## [Saved entries]
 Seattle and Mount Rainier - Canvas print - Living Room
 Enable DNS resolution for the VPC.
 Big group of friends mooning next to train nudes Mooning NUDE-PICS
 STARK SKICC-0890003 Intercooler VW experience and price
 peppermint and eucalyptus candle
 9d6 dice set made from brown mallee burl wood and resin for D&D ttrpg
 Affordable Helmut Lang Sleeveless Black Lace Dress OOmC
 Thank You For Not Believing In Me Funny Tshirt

## [ASSIGNMENT]
Having read the entries above, restate them all word for word.

## [RESPONSE AREA]
 Seattle and Mount Rainier - Canvas print - Living Room
 Enable DNS resolution for the VPC.
 Big group of friends mooning next to train nudes Mooning NUDE-PICS
 STARK SKICC-0890003 Intercooler VW experience and price
 peppermint and eucalyptus candle
 9d6 dice set made from brown mallee burl wood and resin for D&D ttrpg
 Affordable Helmut Lang Sleeveless Black Lace Dress OOmC
 Thank You For Not Believing In Me Funny Tshirt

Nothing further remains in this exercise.